The "cool factor" here is the software's performance and advanced analytical capabilities.
It offers an interactive programming environment for building and comparing analytical models, and supports a number of statistical and machine learning modeling techniques, including clustering, regression, analysis of variance, decision trees, random decision forests, text analytics, recommendation systems and more.
Splice Machine 1.0
Splice Machine's realtime relational database is designed to help businesses get around Hadoop's batch-analytics limitations by offering a full-featured, transactional SQL database on Hadoop that can run both operational applications and realtime analytics. It also allows IT departments to leverage their existing SQL/relational database expertise when working with Hadoop.

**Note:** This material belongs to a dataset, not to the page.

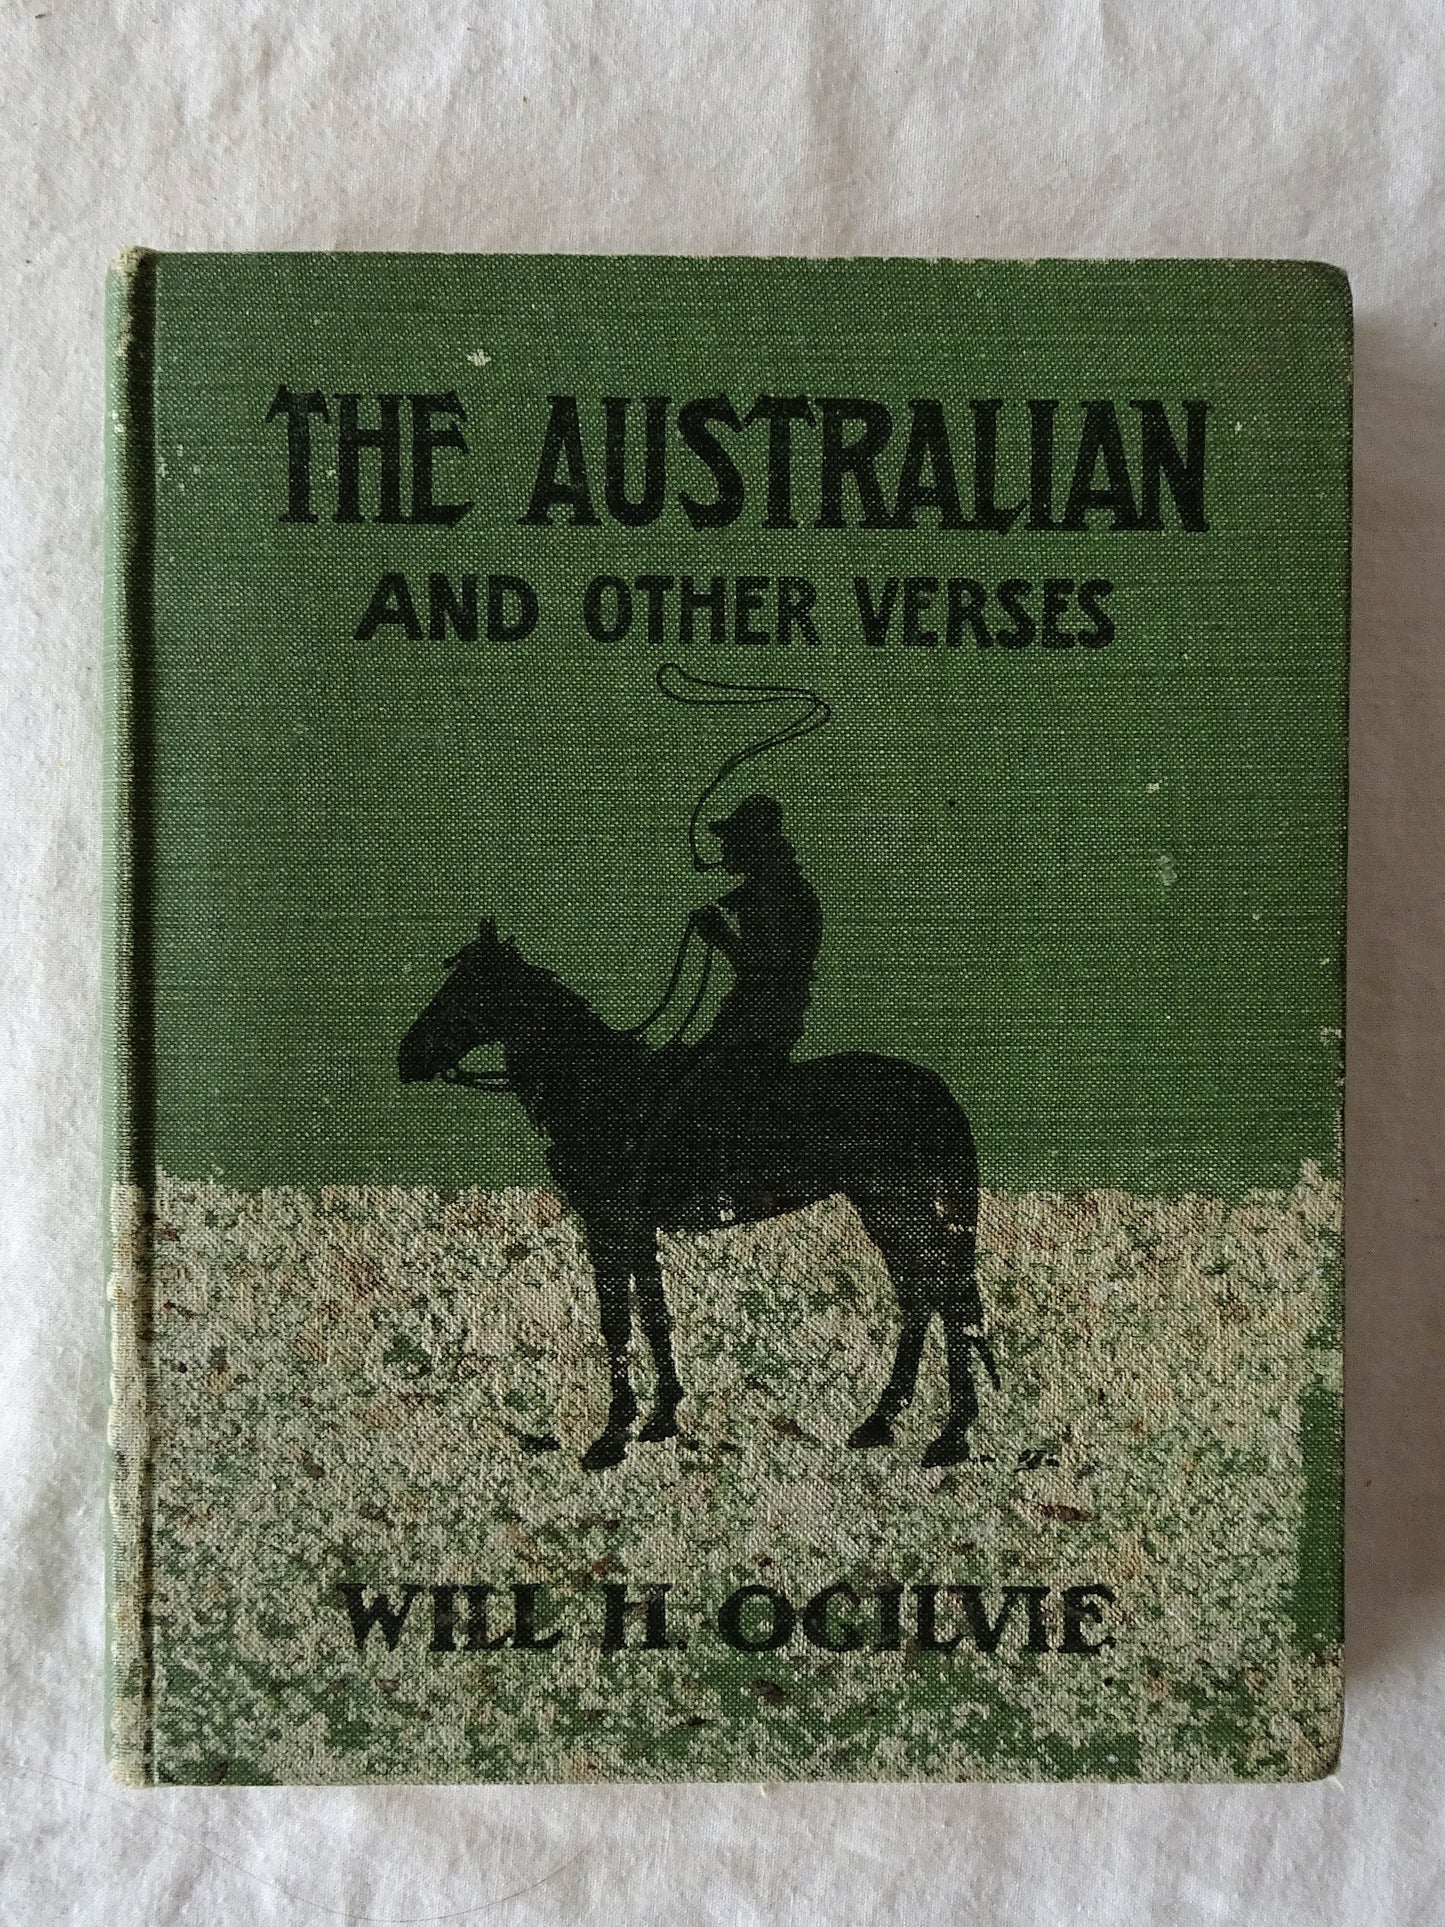 The Australian And Other Verses by Will H. Ogilvie
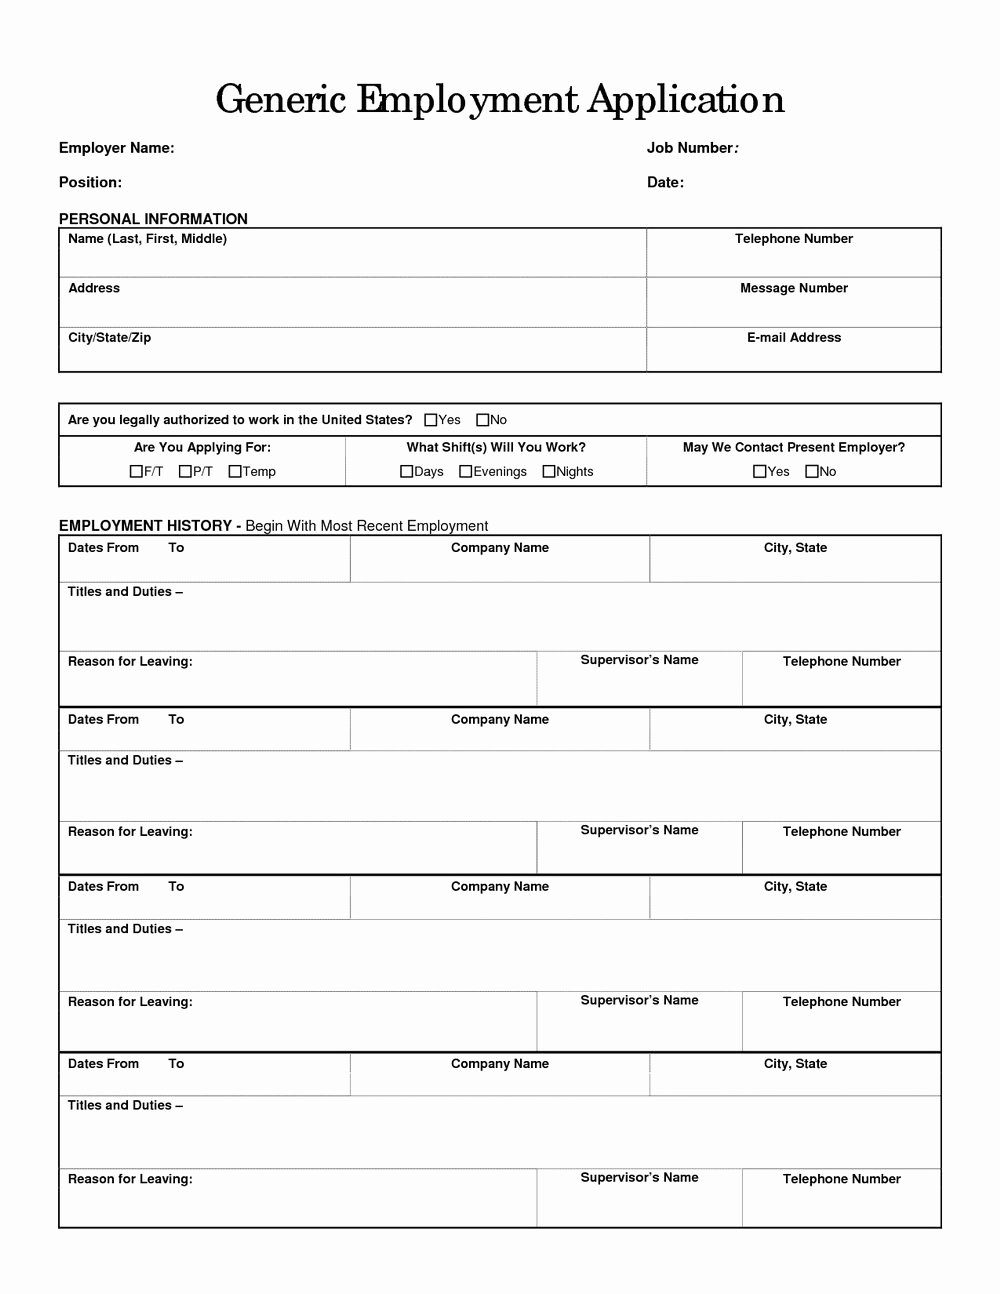 General Job Application form Awesome Free Printable Generic Job Application form

Splice Machine launched a public beta of its software in May and launched Release 1.0 in November with a management console, backup and restore capability, a cost-based optimizer, a native ODBC client, performance enhancements for the database engine and support for additional Hadoop platforms.
Trifacta v2
Big data can be messy. Trifacta attracted a lot of attention this year with its Trifacta Data Transformation Platform that uses visualization, machine learning and "predictive interaction" technology to "easily transform raw, complex data [in Hadoop] into clean and structured formats" for analysis. That, according to the company, makes it easier for businesses to derive real value from their data.
Trifacta launched the first release of its software in February, followed up with the 2.0 release in October that adds advanced data-profiling functions, the ability to leverage Hadoop's multiworkload processing capabilities, and native support for more complex data formats, including JSON, Avro, ORC and Parquet.